Why CORe50?

Continuous/Lifelong learning of high-dimensional data streams is a challenging research problem. In fact, fully retraining models each time new data becomes available is infeasible, due to computational and storage issues, while naïve incremental strategies have been shown to suffer from catastrophic forgetting. In the context of real-world object recognition applications (e.g. robotics), where continuous learning is crucial, very few datasets and benchmarks are available to evaluate and compare emerging techniques.

In this page we provide a new dataset and benchmark CORe50, specifically designed for Continuous Object Recognition, and introduce baseline approaches for different continuous learning scenarios. If you plan to use this dataset or other resources you'll find in this page, please cite our latest paper:

Vincenzo Lomonaco and Davide Maltoni. "CORe50: a new Dataset and Benchmark for Continuous Object Recognition". arXiv preprint arXiv:1705.03550 (2017).

Dataset

CORe50, specifically designed for (C)ontinuous (O)bject (Re)cognition, is a collection of 50 domestic objects belonging to 10 categories: plug adapters, mobile phones, scissors, light bulbs, cans, glasses, balls, markers, cups and remote controls. Classification can be performed at object level (50 classes) or at category level (10 classes). The first task (the default one) is much more challenging because objects of the same category are very difficult to be distinguished under certain poses.

The dataset has been collected in 11 distinct sessions (8 indoor and 3 outdoor) characterized by different backgrounds and lighting. For each session and for each object, a 15 seconds video (at 20 fps) has been recorded with a Kinect 2.0 sensor delivering 300 RGB-D frames.

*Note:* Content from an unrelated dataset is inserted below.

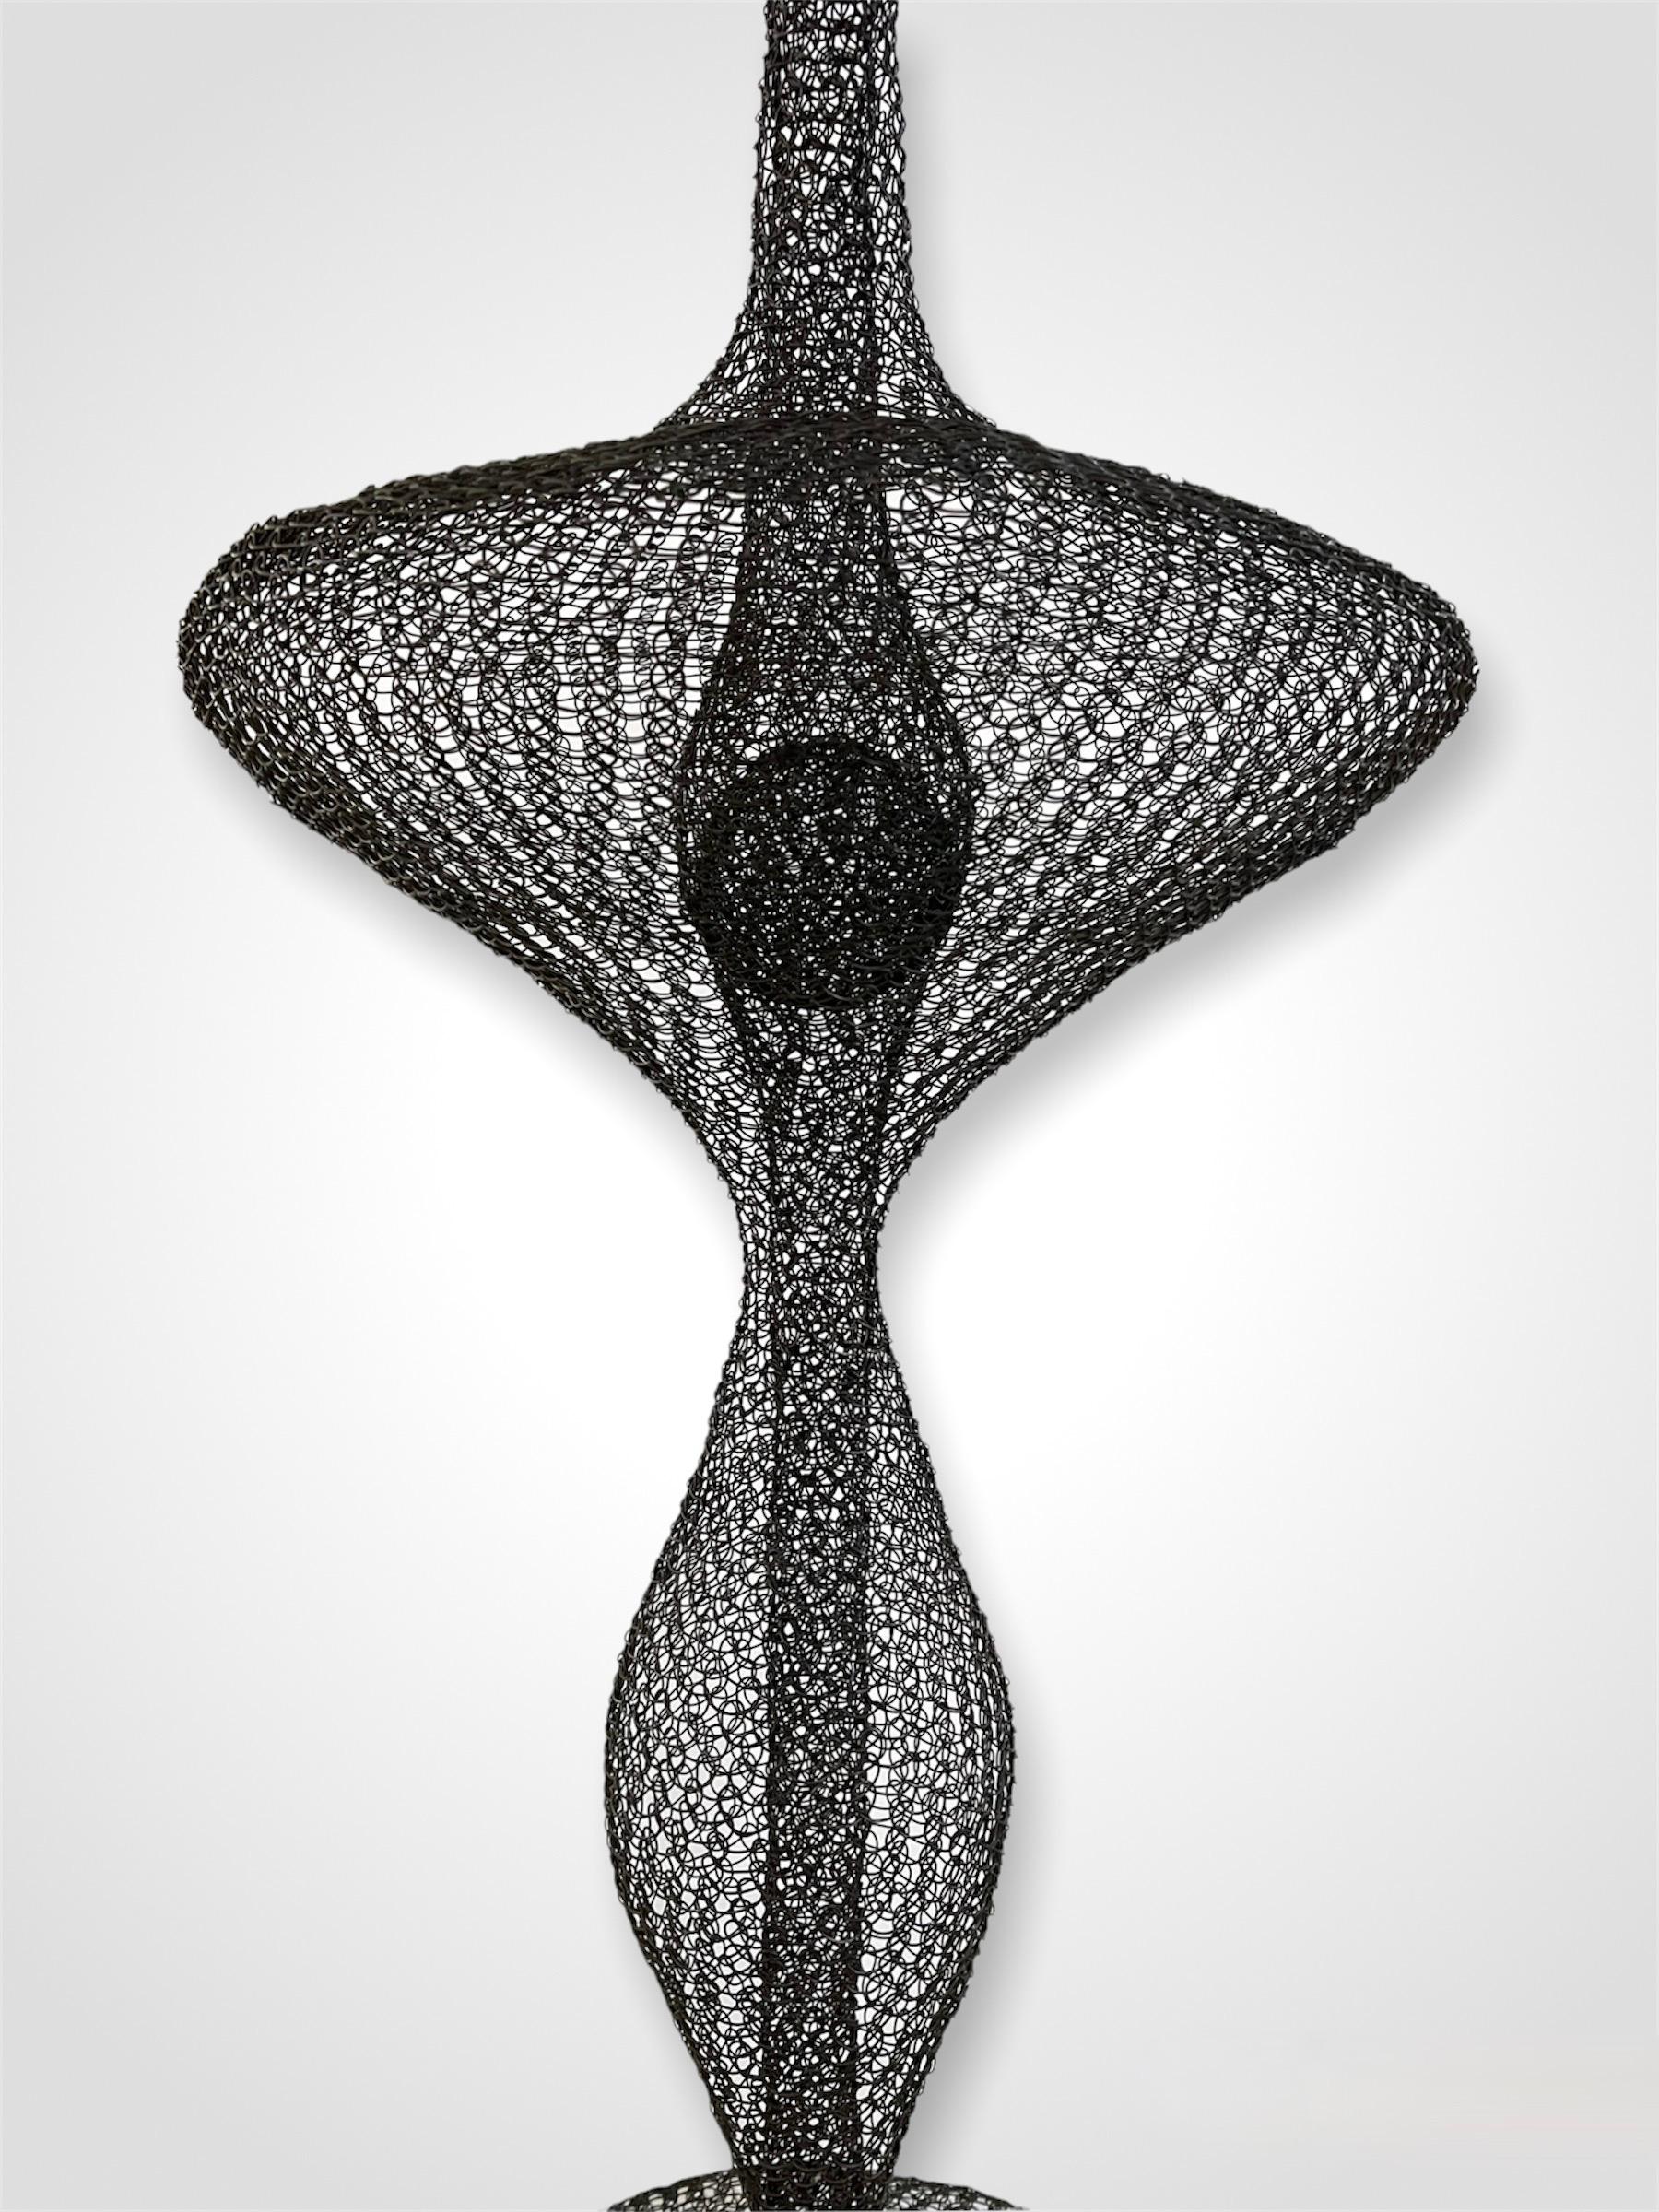 Industrial Organic Woven Mesh Wire Sculpture by Ulrikk Dufosse For Sale

Objects are hand hold by the operator and the camera point-of-view is that of the operator eyes. The operator is required to extend his arm and smoothly move/rotate the object in front of the camera. A subjective point-of-view with objects at grab-distance is well-suited for a number of robotic applications. The grabbing hand (left or right) changes throughout the sessions and relevant object occlusions are often produced by the hand itself.

core50 dataset examples

Fig.1 Example images of the 50 objects in CORe50. Each column denotes one of the 10 categories.


The presence of temporal coherent sessions (i.e., videos where the objects gently move in front of the camera) is another key feature since temporal smoothness can be used to simplify object detection, improve classification accuracy and to address semi-supervised (or unsupervised) scenarios.

In Fig. 1 you can see some image examples of the 50 objects in CORe50 where each column denotes one of the 10 categories and each row a different object. The full dataset consists of 164,866 128×128 RGB-D images: 11 sessions × 50 objects × (around 300) frames per session. Three of the eleven sessions (#3, #7 and #10) have been selected for test and the remaining 8 sessions are used for training. We tried to balance as much as possible the difficulty of training and test session with respect to: indoor/outdoor, holding hand (left or right) and complexity of the background. For more information about the dataset take a look a the section "CORe50" in the paper.

Benchmark

Popular datasets such as ImageNet and Pascal VOC, provide a very good playground for classification and detection approaches. However, they have been designed with “static” evaluation protocols in mind; the entire dataset is split in just two parts: a training set is used for (one-shot) learning and a separate test set is used for accuracy evaluation.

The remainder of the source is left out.